J’ai écrit le texte qui suit en décembre en 2020, je n’y apporterais aujourd’hui aucune rectification.

Une fois l’accord sur le Brexit atteint, les médias français ont conclu par la voix de Michel Barnier : « Il n’y a pas de gagnant dans le Brexit », et la voix officielle a répété que le Brexit est un accord perdant/perdant, lose/lose (ce qui revient à win/win, match nul), une habileté lexicale pour cacher la défaite de l’Europe, France en tête. Il n’y a pas si longtemps, ils étaient si nombreux parmi les esprits distingués qui encombrent les médias de l’Hexagone à prédire le pire pour le Royaume-Uni s’il se laissait aller à donner raison aux Brexiters, ces culs-terreux et ces populistes hostiles au on-se-tient-chaud-serrés-les-uns-contre-les-autres. Moi, « je me marre » pour reprendre une expression qu’affectionnait Coluche, je me marre parce qu’à présent l’Europe, France en tête, pétoche. L’Europe est en charpie avec un Sud qui vit de l’endettement de plus en plus massif et une France qui glisse doucement vers le sud. C’est beau le Sud, je l’aime le Sud puisque j’ai choisi d’y vivre, et il me vient l’air de cette belle chanson de Nino Ferrer que je fredonnais adolescent et amoureux : « On dirait le Sud… »

Le Royaume-Uni a remporté la mise et il va continuer à épuiser l’Europe, une Europe qui manque de croyance en elle-même, une Europe trouillarde et acariâtre, avec un équipage qui commence à reluquer les gilets de sauvetage, une Europe qui espère faire converger les intérêts de ses membres par la perspective d’un naufrage.

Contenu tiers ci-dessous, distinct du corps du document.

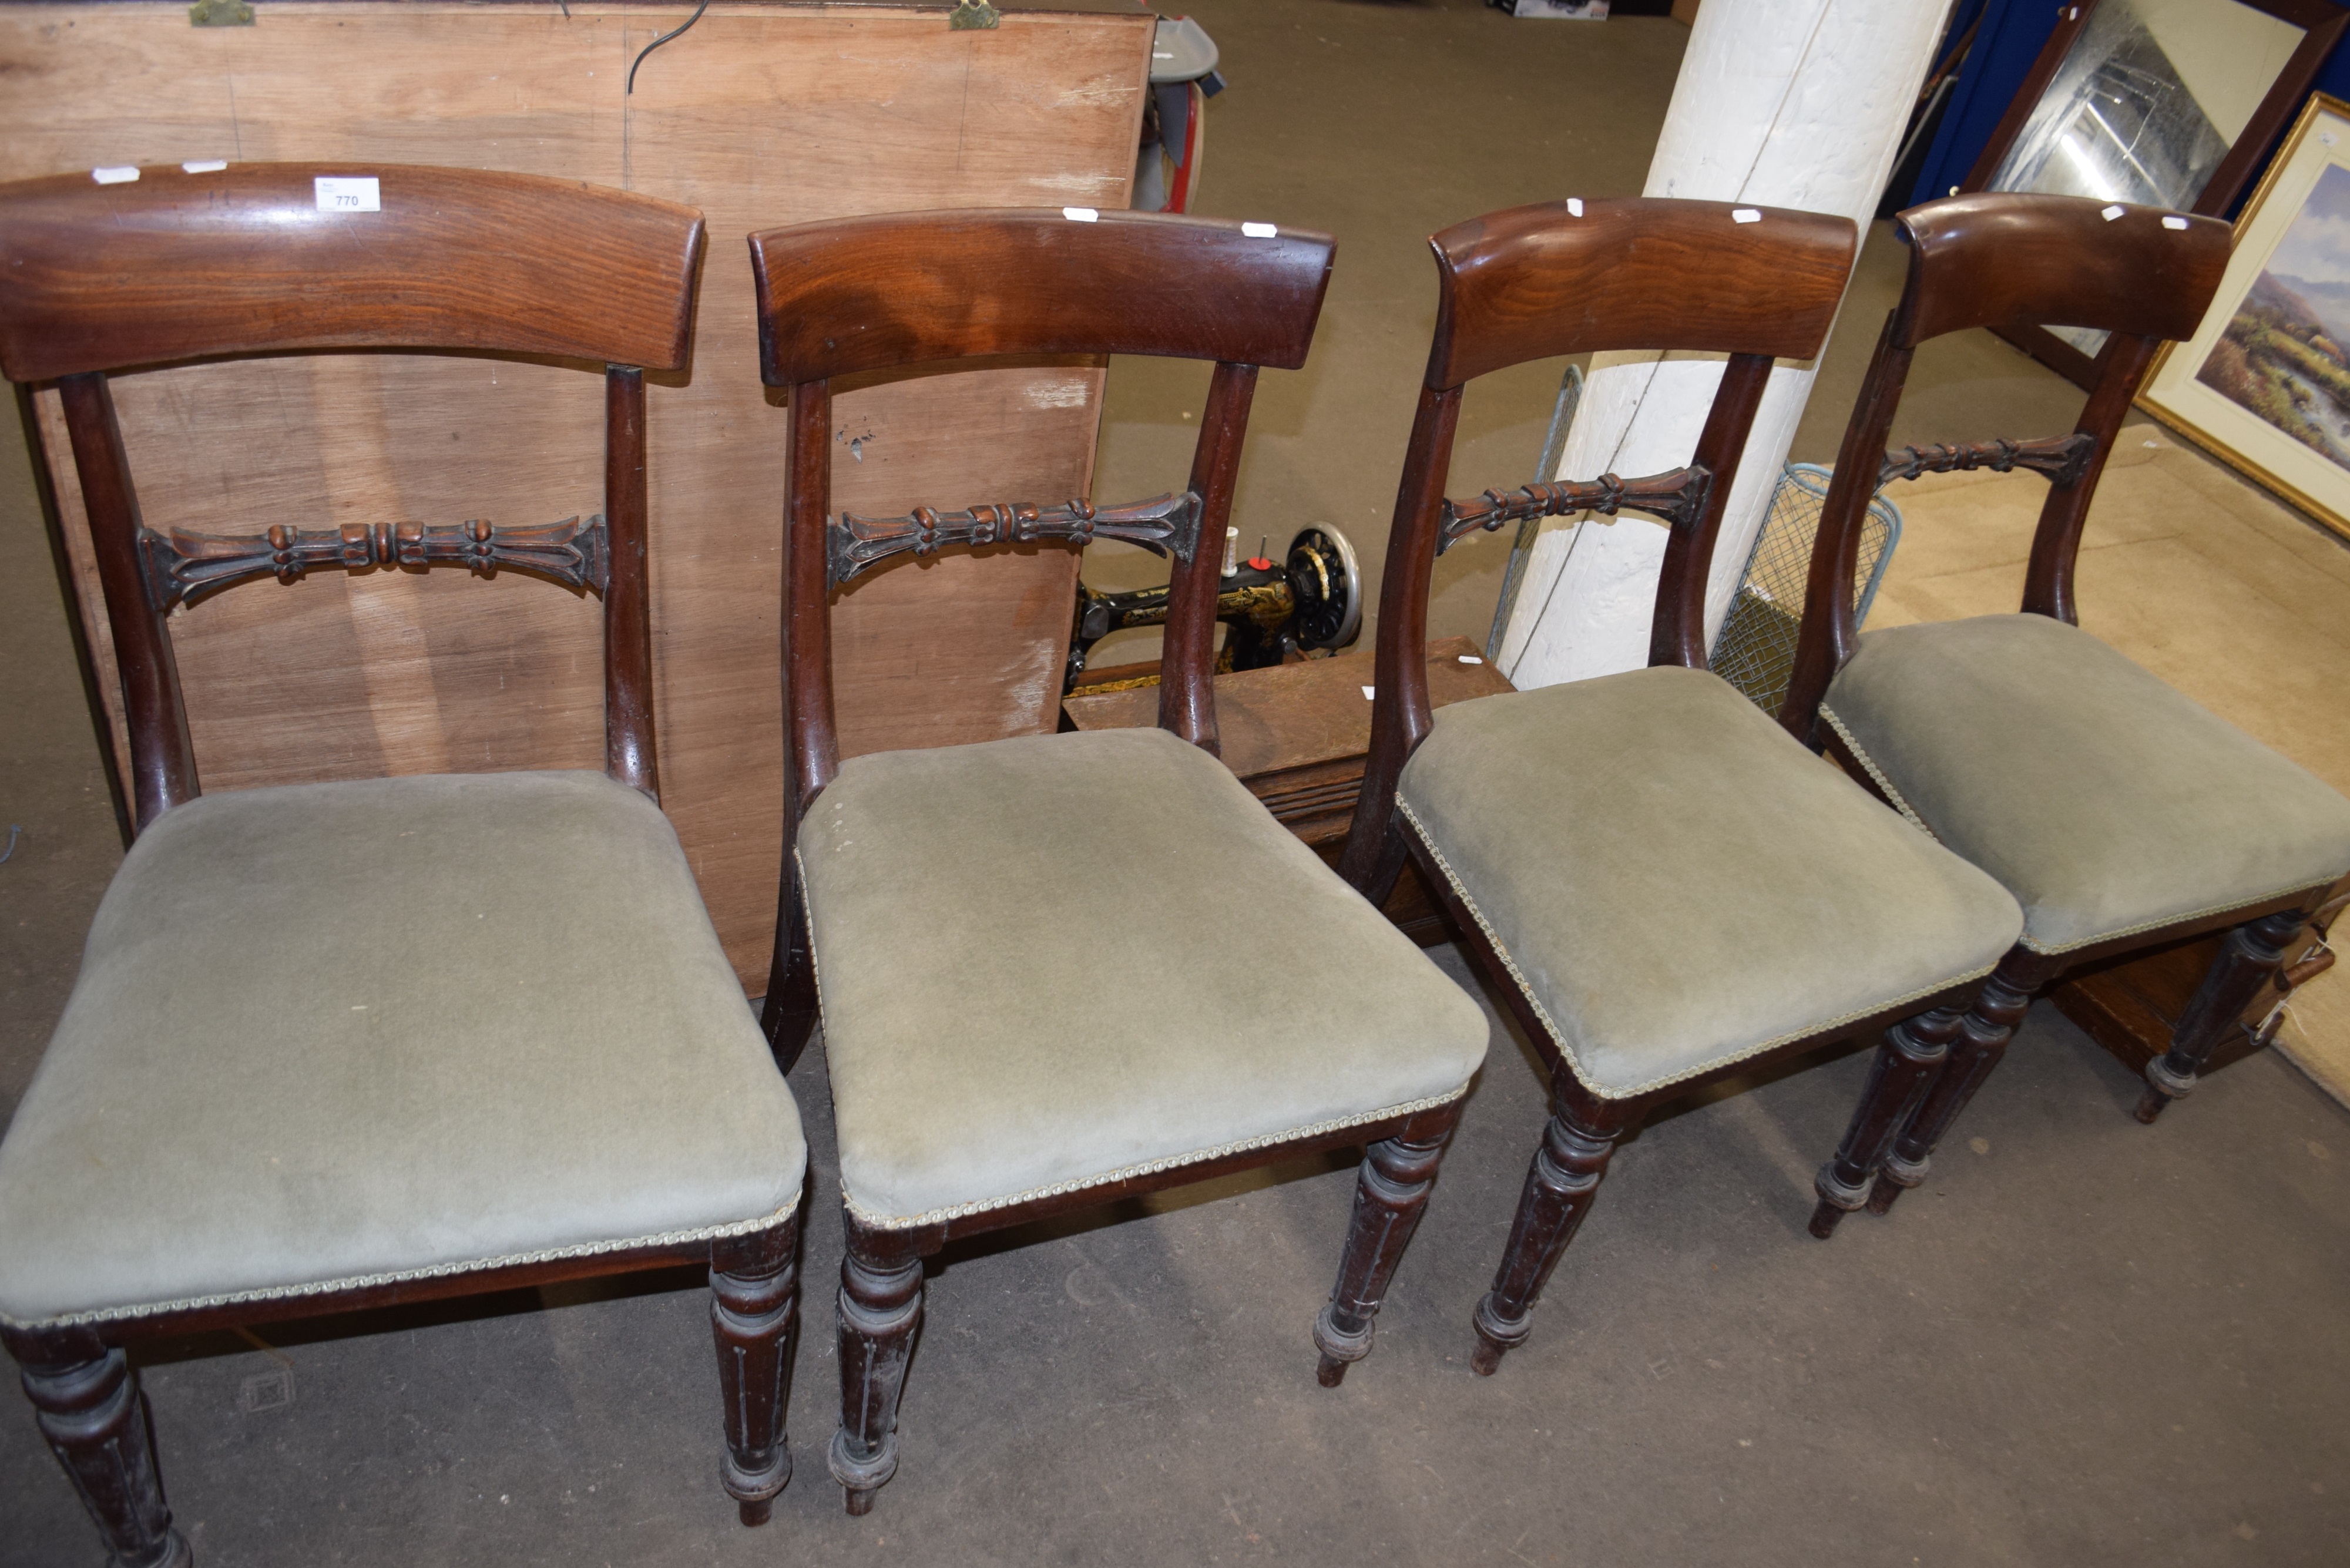 Set of four 19th Century mahogany bar back dining chairs

C’est ce qui s’appelle faire l’Europe par le bas, en commençant par remuer la peur à tout-va : si l’un de vous quitte le navire, il va se noyer ! Mais que les Français se rassurent, les Anglais ont une vieille habitude de la mer… J’ai souri à l’arrogance des anti-Brexiters et je pourrais citer bien des noms comme celui de Bernard-Henri Lévy, gourou de la bourgeoisie parisienne, c’est-à-dire pas grand-chose.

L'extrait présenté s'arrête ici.